Chile no podía ser la excepción.
En un barrio marginal de una comuna aledaña a Santiago, llamada Maipú (nombre mapuche), no hace muchos años corría por sus calles de tierra un niño moreno y flaco. El muchachito divertía a los vecinos con su habilidad para jugar a la pelota. Pero llamaba la atención de quienes sabían algo del popular deporte, porque a su inagotable entusiasmo agregaba también la inteligencia.
Esos talentos se acrecentaron en su adolescencia y lo condujeron a jugar en algunos clubes profesionales de provincia. Pero tras una serie de rebotes le llegó su gran oportunidad. Fue contratado el club más poderoso y famoso de Europa.
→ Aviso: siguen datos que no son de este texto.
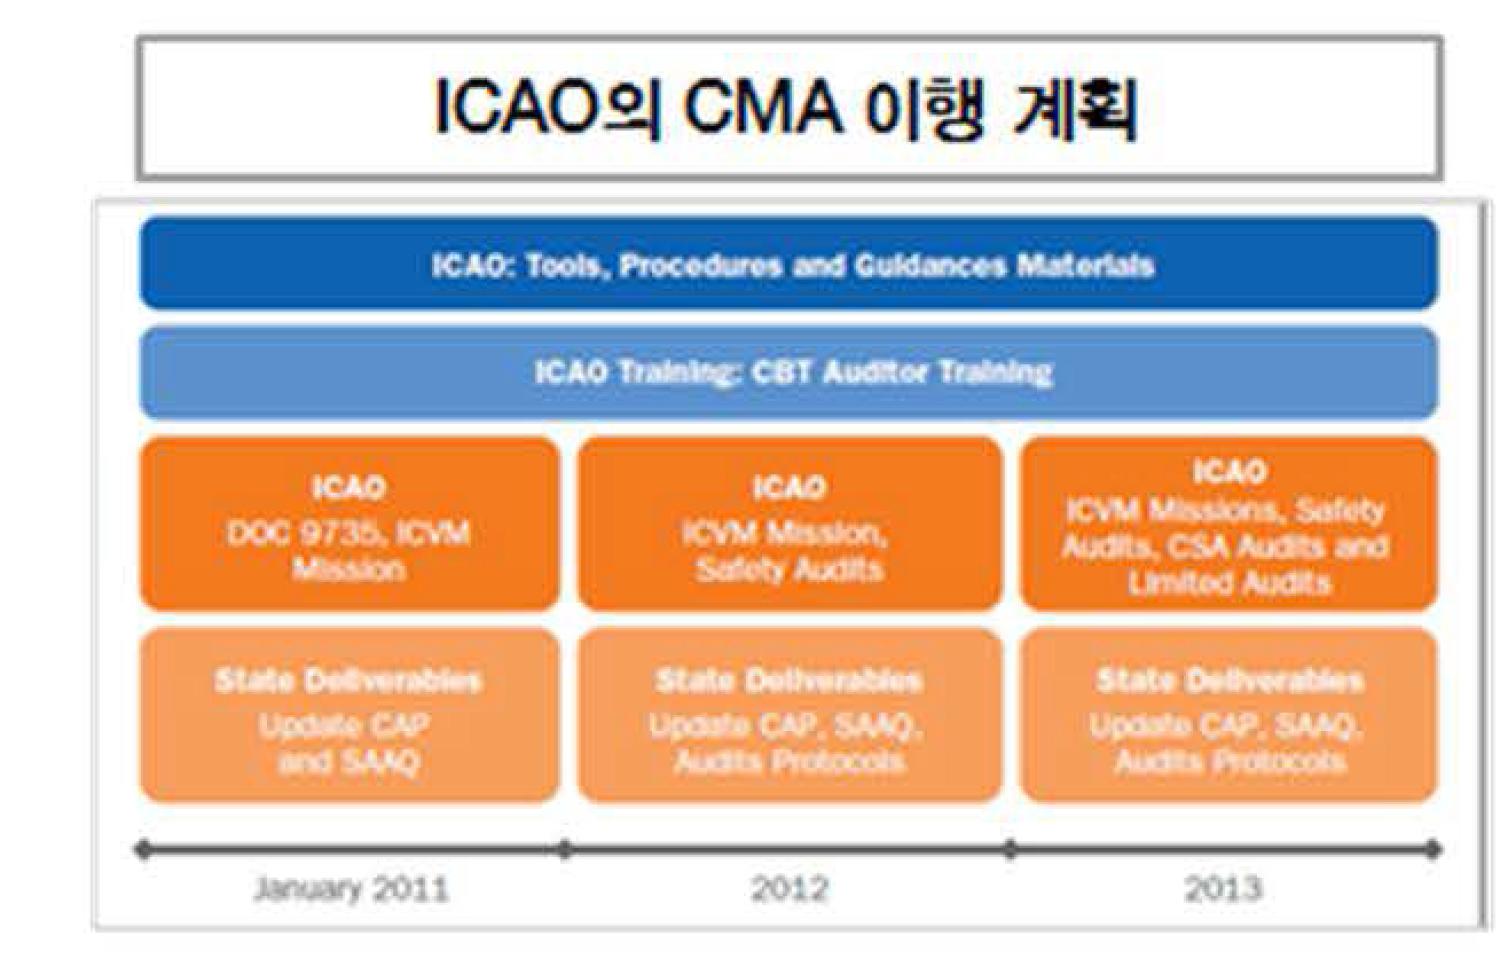 ICAO CMA 이행 계획

Al principio nadie le quería, ni siquiera sus compañeros. Siempre ha existido un sutil desprecio en Europa hacia lo sudamericano Esta vez no fue la excepción, mas cuando el rostro del personaje dejaba en claro su origen “sudaca”, como despectivamente llaman los españoles a los originarios de sus ex colonias. Y no hay peor astilla que la del mismo palo, el entrenador, pese a ser argentino, por alguna razón escondida al principio también lo marginó considerándolo reserva de reserva…
Se repetía el cuento del patito feo.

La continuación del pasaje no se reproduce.